In REPL, If I am not doing push!(JuliaInterpreter.compiled_modules,PyCall) then I am getting the ERROR: sigatomic_end called in non-sigatomic region. However If I do it and enter the function using @enter main() then the execution halts at data = np.load("data.npy"). It takes a long time at this line and never comes out of it.

This might just be that the runtime performance of the debugger is quite bad. I would suggest trying to run it on the smallest possible input files.

ok, so is there no way I can load such big file and debug? Is there some workaround that I can use?

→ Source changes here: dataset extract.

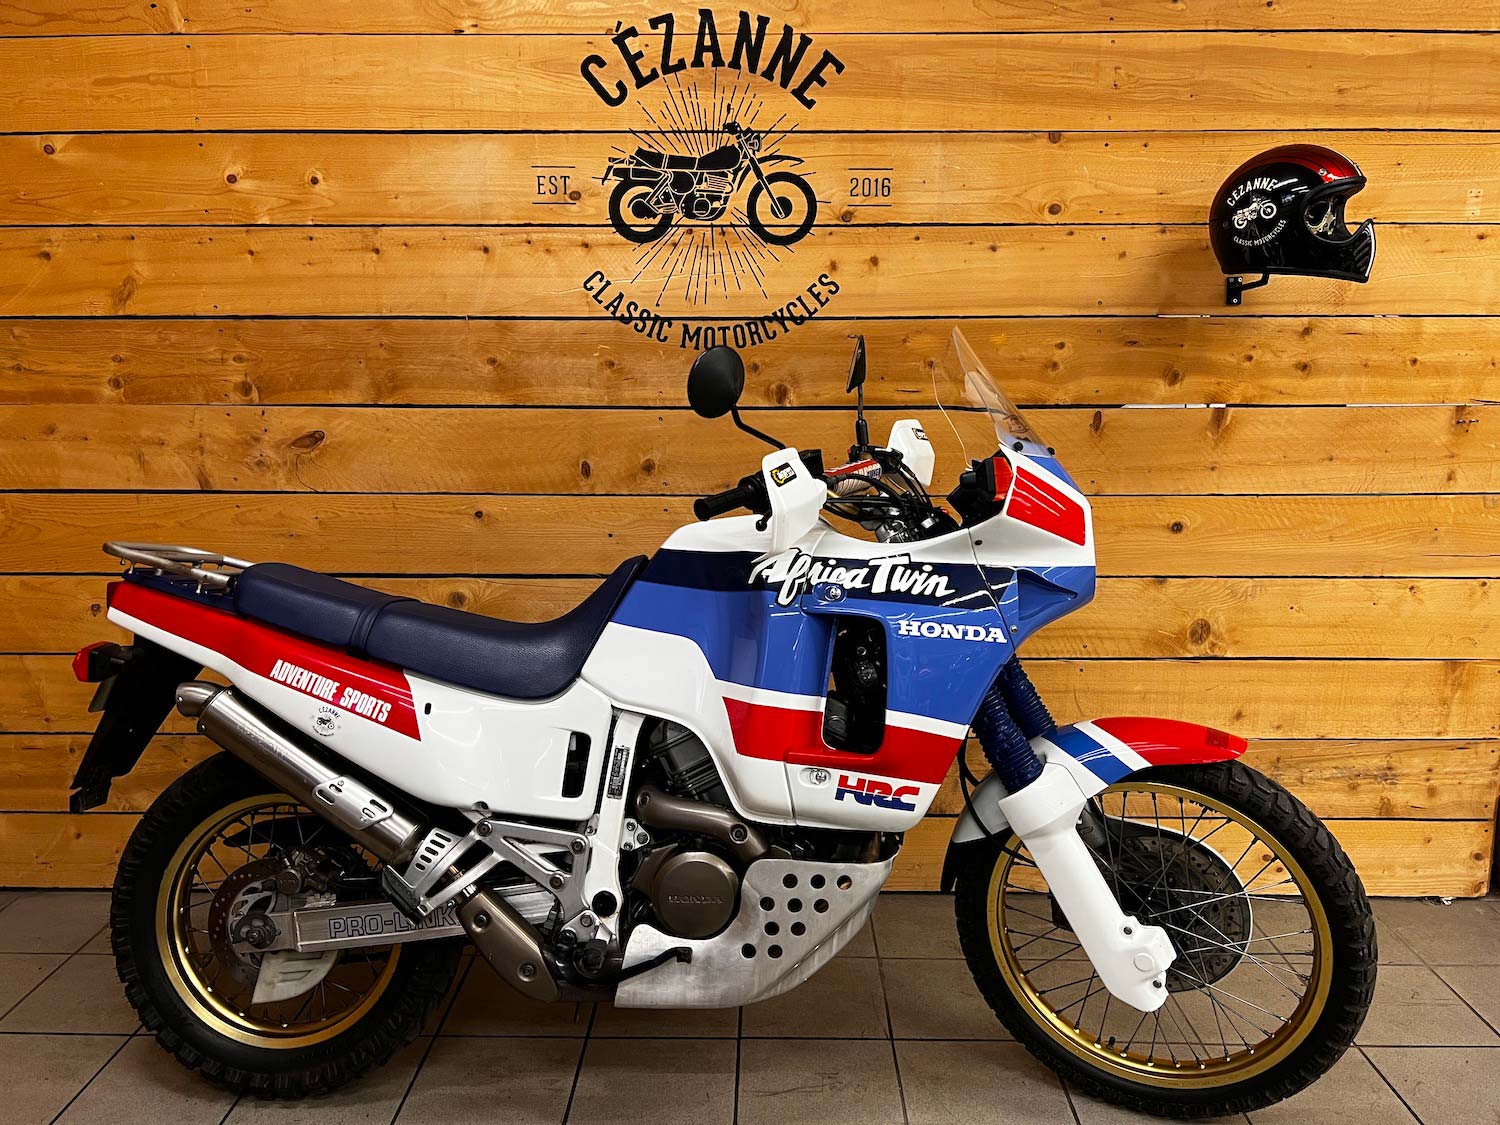 Honda_Africa_Twin_Cezanne_classic_motorcycle_13-153.jpg

Do you really want to debug the np.load call itself? Otherwise, you could hoist that to outside the bugging with something like

np = pyimport("numpy")
data = np.load("data.npy")

function main(data)
    ...
end

@enter main(data)

Yeah this would work. Also I am wondering, Is there any way I can debug a Julia script. Wrapping a code snippet into a function every time is not very convenient. I am coming from Python background and habitual of using ipdb.set_trace. Debugger is awesome just one issue is debugging a script.
Thanks

There are some technical difficulties in Julia with debugging scripts (debugging global scope). They could be worked around but since wrapping in a function isn’t too bad, the priority of this feature is not very high.